Model is not optimized yet, initial parameters are used.
With ModflowDrnSto we come closer, but we do not get the same result as the Pastas Model with the ThresholdTransform. It is not possible to model the ThresholdTransform in a one-cell Modflow model. ThresholdTransform calculates the discharged water using the non-transformed simulation. However, in the Modflow model, the calculation of the discharge is calculated using the simulation that is affected by the larger storage coefficient.
# Generate a Model with ModflowDrnSto
ml_mds = ps.Model(head, constant=False)
modflow = ppmf.ModflowDrnSto(
exe_name=mf6_exe, sim_ws="mf_files/drn_gw", head=head, silent=True
)
mm = ppmf.ModflowModel(prec=prec, evap=evap, modflow=modflow, name="modflow")
ml_mds.add_stressmodel(mm)
# take parameters from the model with the TarsoModel
p_tt = ml_tt.parameters["optimal"]
ml_mds.set_parameter(f"{mm.name}_d", initial=p_tt["constant_d"])
ml_mds.set_parameter(f"{mm.name}_c", initial=p_tt["recharge_A"])
s = p_tt["recharge_a"] / p_tt["recharge_A"]
ml_mds.set_parameter(f"{mm.name}_s", initial=s)
ml_mds.set_parameter(f"{mm.name}_f", initial=p_tt["recharge_f"])

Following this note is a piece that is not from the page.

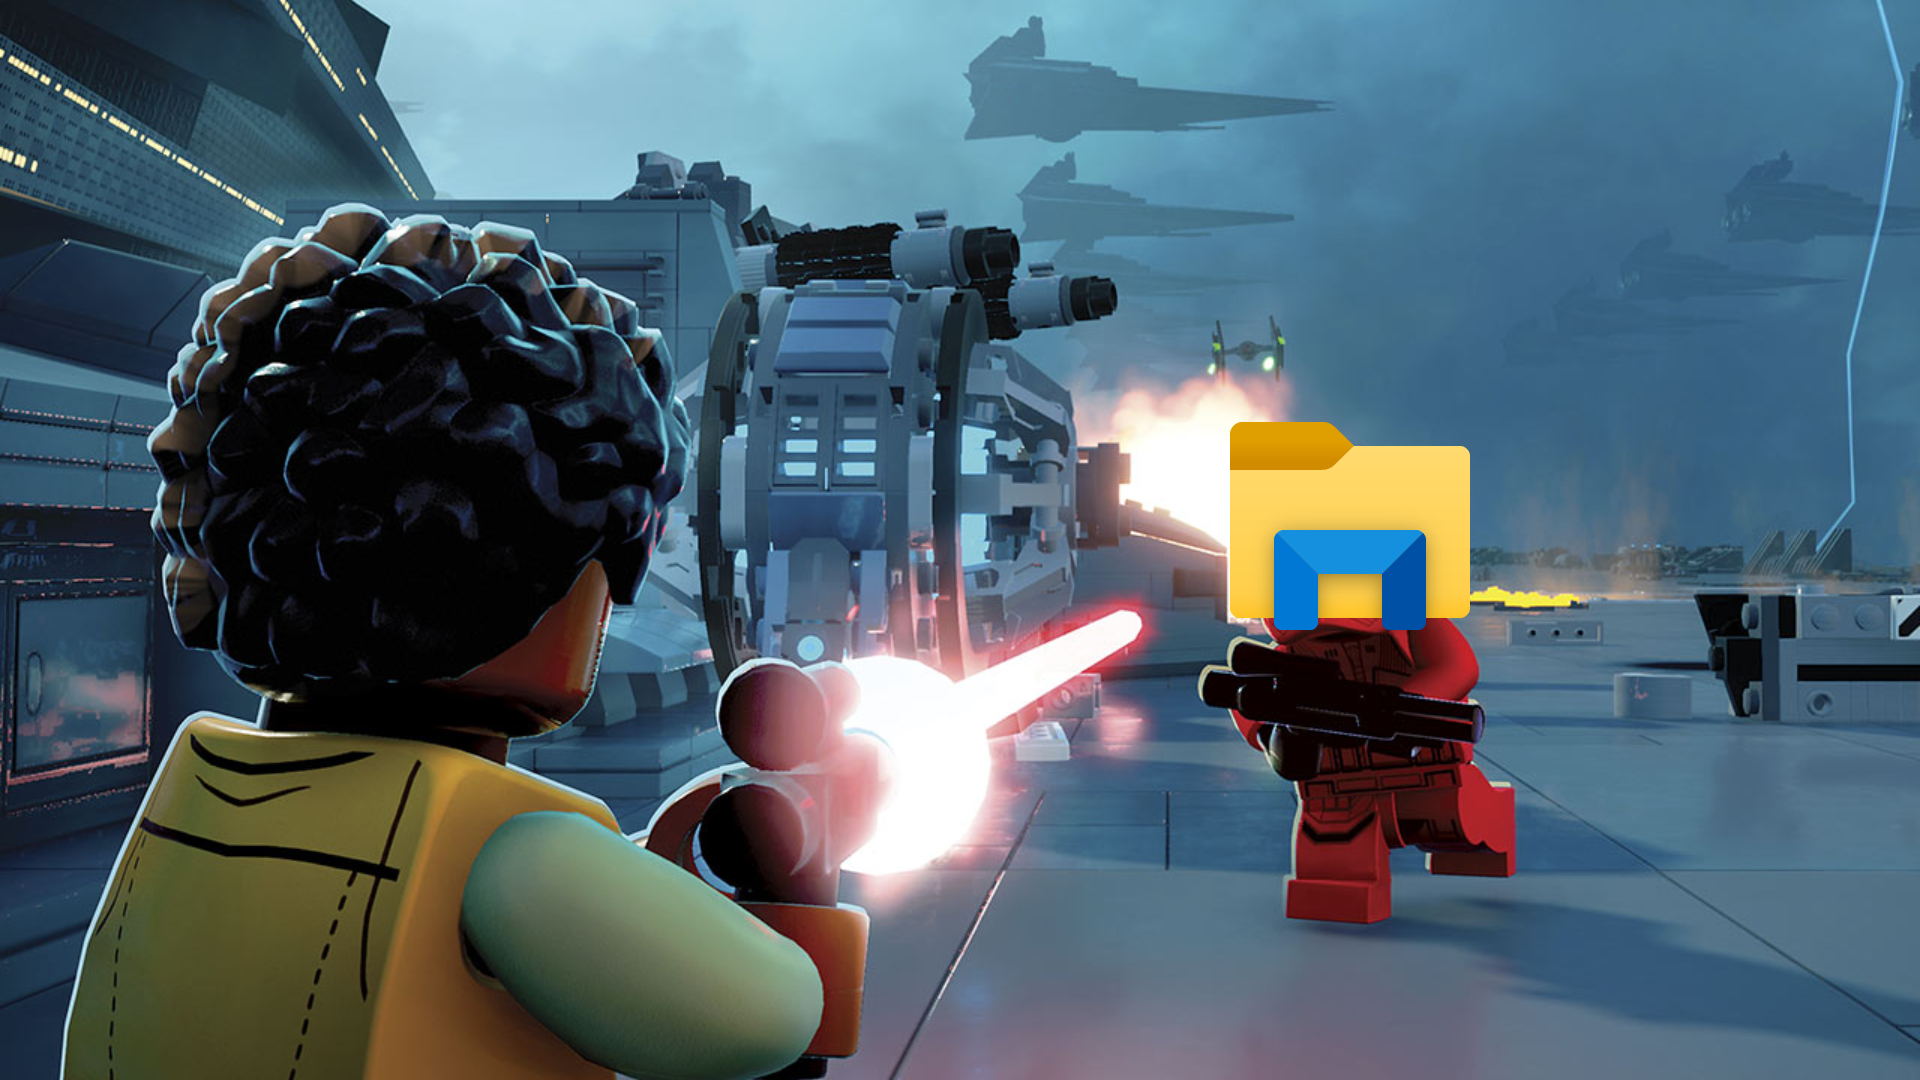 Lego Star Wars Skywalker Saga size: trim your install by 8GB

h_drn = p_tt["ThresholdTransform_1"] - p_tt["constant_d"]
ml_mds.set_parameter(f"{mm.name}_h_drn", initial=h_drn)
c_drn = p_tt["recharge_A"] * p_tt["ThresholdTransform_2"]
ml_mds.set_parameter(f"{mm.name}_c_drn", initial=c_drn)

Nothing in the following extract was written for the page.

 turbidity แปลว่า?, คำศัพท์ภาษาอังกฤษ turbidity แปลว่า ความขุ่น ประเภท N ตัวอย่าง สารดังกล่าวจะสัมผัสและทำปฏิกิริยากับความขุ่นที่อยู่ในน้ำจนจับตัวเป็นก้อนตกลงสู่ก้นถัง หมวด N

s_drn = s / p_tt["ThresholdTransform_2"]
ml_mds.set_parameter(f"{mm.name}_s_drn", initial=s_drn)
# initialize model and plot
ml_mds.initialize()
ax = ml_mds.plot()
Model is not optimized yet, initial parameters are used.
Model is not optimized yet, initial parameters are used.